As can be seen above, the four theories do not differ widely in their dating of the relocation. According to traditional sources, Ying remained the capital of Chu from the time of its establishment by King Wen in 689 BCE until 278 BCE, the 21st year of the reign of King Qingxiang of Chu when an attack by an army from the State of Qin led by General Bai Qi forced the capital to move to Chen. Not counting the short term relocation of the capital during the reign of King Zhao of Chu (reigned 515–489 BCE), Ying served as the Chu capital for a total of 411 years.

== Location ==
According to historian Shi Quan (石泉), Ying was located at the same place as the Qin and Han dynasty Jiangling Commandery (modern-day Jingzhou), between the Ju (沮) and Zhang (漳) rivers. He further states that the city lay in the lower reaches of the modern-day Man River (蛮河) basin to the west of the Han River so that today, the ruins of the Chuhuangcheng (楚皇城) lie here.

Historian Zhang Zhengming argues that King Wen established Ying and that it was located within the boundaries of Yicheng City, Hubei. In 506 BCE the State of Wu invaded Chu and destroyed Ying, and King Zhao of Chu fled only to return to the city without an armistice being declared. After a further attack by Wu in 504 CE the king moved the capital to Ruo.
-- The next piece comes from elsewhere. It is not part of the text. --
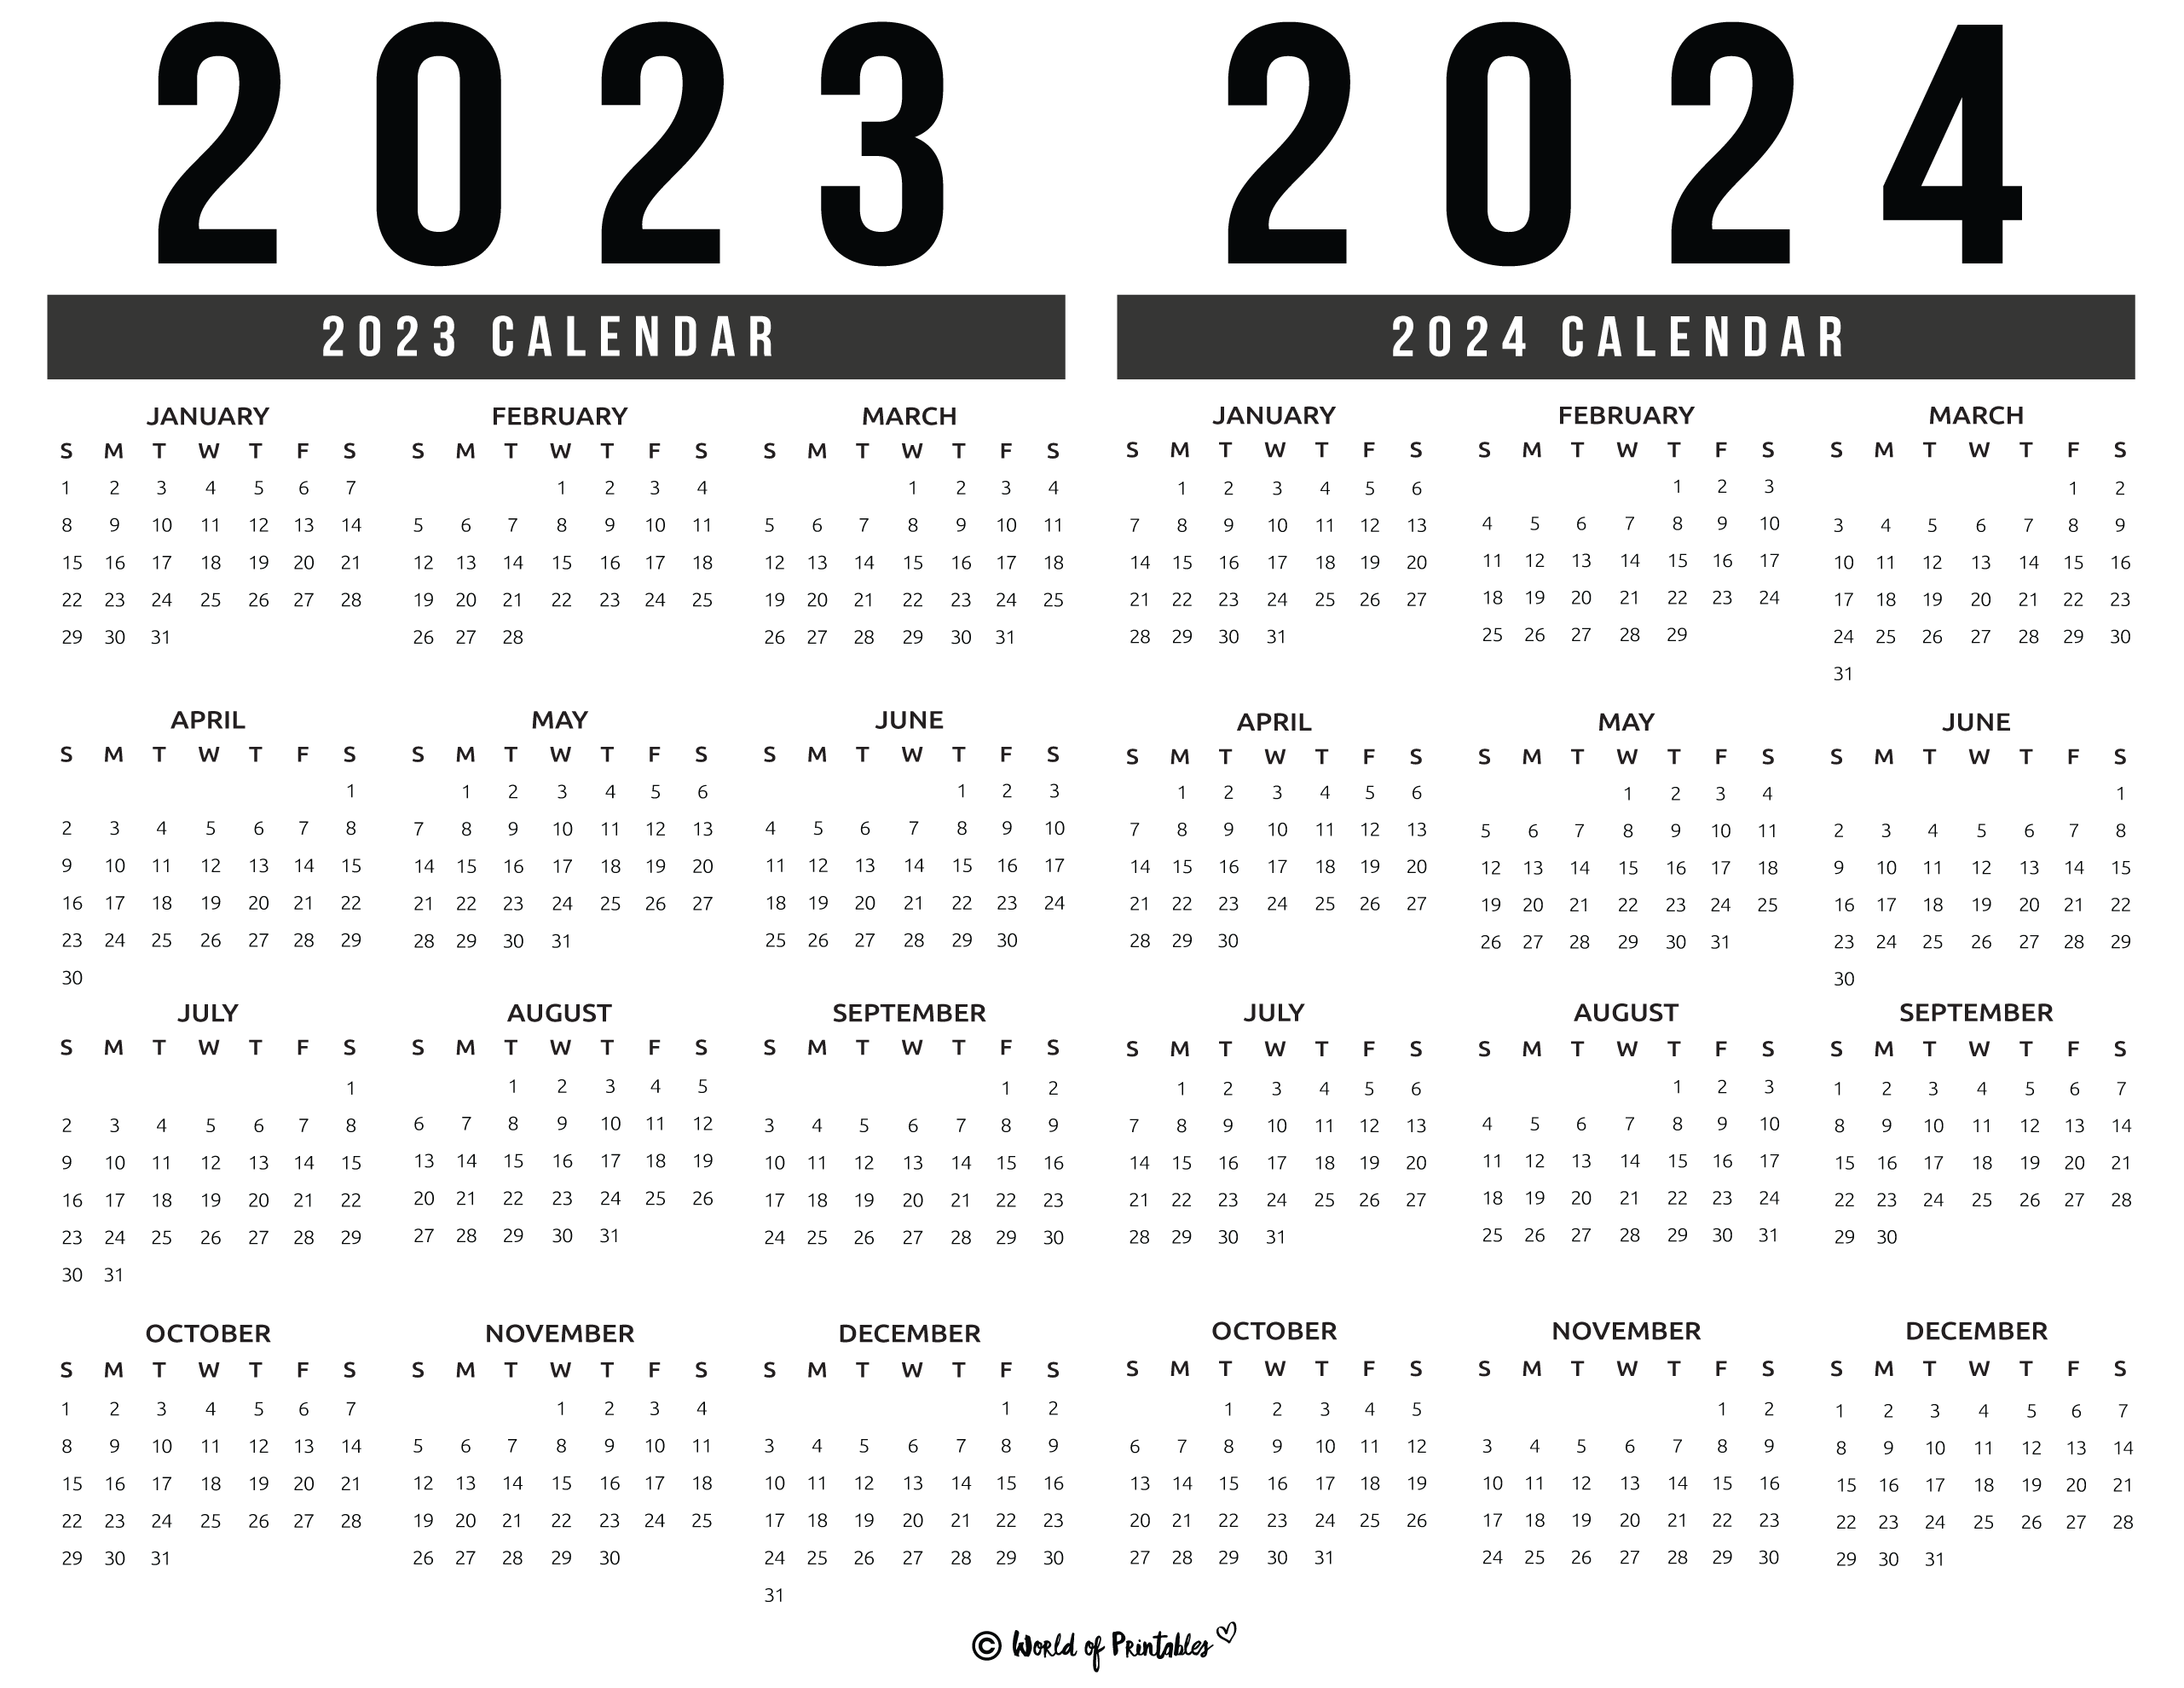 2023 2024 Calendar Free Printables - World Of Printables for 2023 Calendar 2024 Printable

This lay in the eponymous former State of Ruo on the borders of Qin which had been previously annexed by Chu and that the residents continued to call Ying. Some years later, King Zhao moved the capital to Jiangling, Hubei which was also known as Jinan (紀南) or Jinancheng (紀南城).

Between the reigns of King Xuan of Chu (reigned 369–340 BCE) and King Qingxiang of Chu (reigned 298–263 BCE), Chu had a further temporary capital that was also called Ying. Ying occupied a strategic location with Yunmeng to the East, Ewuba (扼巫巴) to the west, access to the Central China Plain to the north and the natural defenses of the Yangtze River protecting its southern approaches.

== Legacy ==
Although King Wu of Chu's power base was shaken by the State of Han when they attacked the hinterland around the Jiangyan Plain, King Wen's relocation of the capital to Ying allowed him to continue with his father's military strategy.

Before King Wen moved the capital, he already had control of the Jiangyan Plain and afterwards dispatched his armies northwards as part of his plan to take control of China. At this time, he also held sway over the eastern approach to the State of Han and subsequently attacked the north of the state, giving him control of the Central China Plain.

In 688 BCE, King Wen wiped out the States of Shen and Deng, whereupon his power base became the former Shen capital at Nanyang, Henan.